By tuning into the various voices from the periphery, How Belfast Got the Blues showcases how pop groups, overlooked artists and little-known entertainers had a profound effect on official political culture not only in Northern Ireland and the Republic of Ireland but in Britain and the US too. McLaughlin and Braniff’s book offers a simple yet nonetheless significant message for the future of Irish (popular music) studies: that as scholars, educators and activists, we have a responsibility to shine a light on the musicians and actors who played an essential part in shaping our local music scenes in order to reveal what is remembered and what is excluded, as absences may be even more critically significant than presences.

Works Cited

Balance, Christine Bacareza. Tropical Renditions: Making Musical Scenes in Filipino America. Durham, N.C.: Duke University Press, 2016.

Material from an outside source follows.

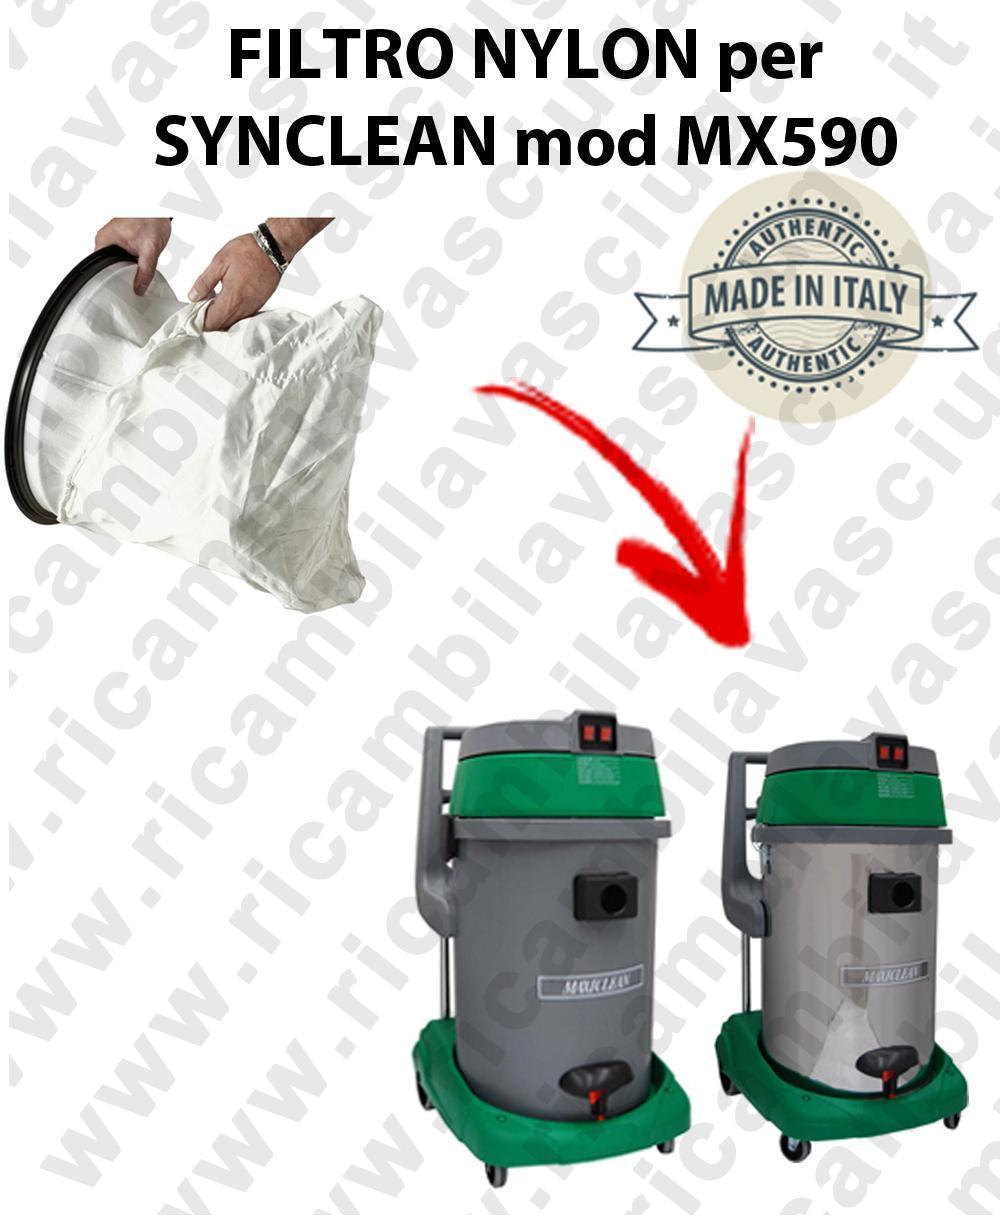 MX590 Nylonfilter für Staubsauger SYNCLEAN
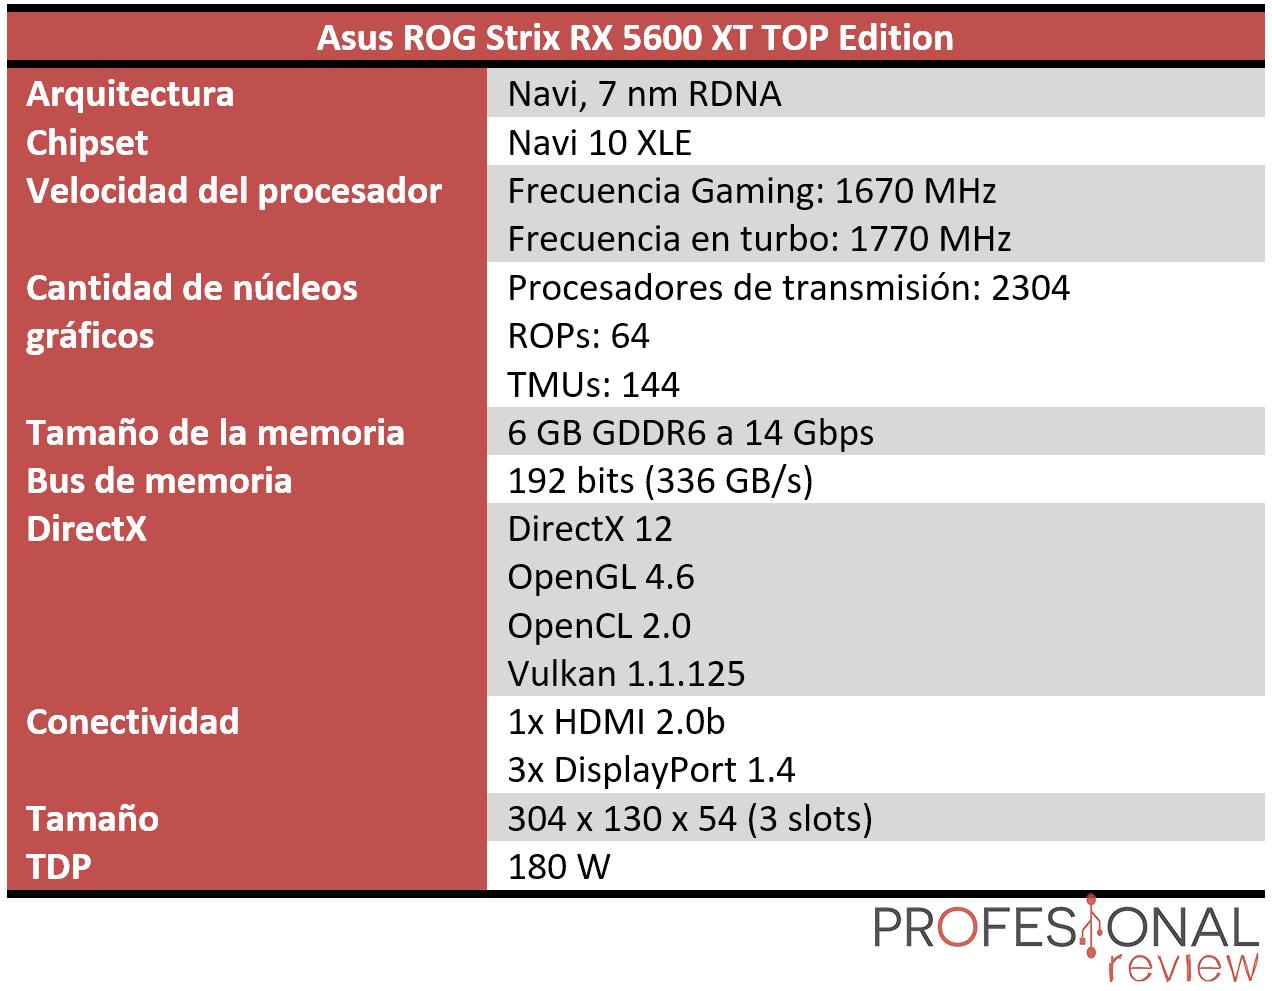 Asus ROG Strix RX 5600 XT TOP Edition Características

Bohlman, Philip V. The Music of European Nationalism: Cultural Identity and Modern History. Santa Barbara, California: ABC-CLIO, 2004.

Finnegan, Ruth. The Hidden Musicians: Music-Making in an English Town. Cambridge: Cambridge University Press, 1989.

Hall, Þorbjörg Daphne, Nicola Dibben, Árni Ingólfsson and Tony Mitchell, (eds.) Sounds Icelandic: Essays on Icelandic Music in the 20th and 21st Centuries. London: Equinox, 2019.

Mangaoang, Áine, O’Flynn, John and Lonán Ó Briain, (eds.) Made in Ireland: Studies in Popular Music. London: Routledge, 2020.

Millar, Stephen R. Sounding Dissent: Rebel Songs, Resistance, and Irish Republicanism. Ann Arbor: University of Michigan Press, 2020.

Radano, Ronald M. Lying up a Nation: Race and Black Music. Chicago: University of Chicago Press, 2003.

Shank, Barry. Dissonant Identities: The Rock’n’Roll Scene in Austin, Texas. Middletown, CT: Wesleyan University Press, 1994.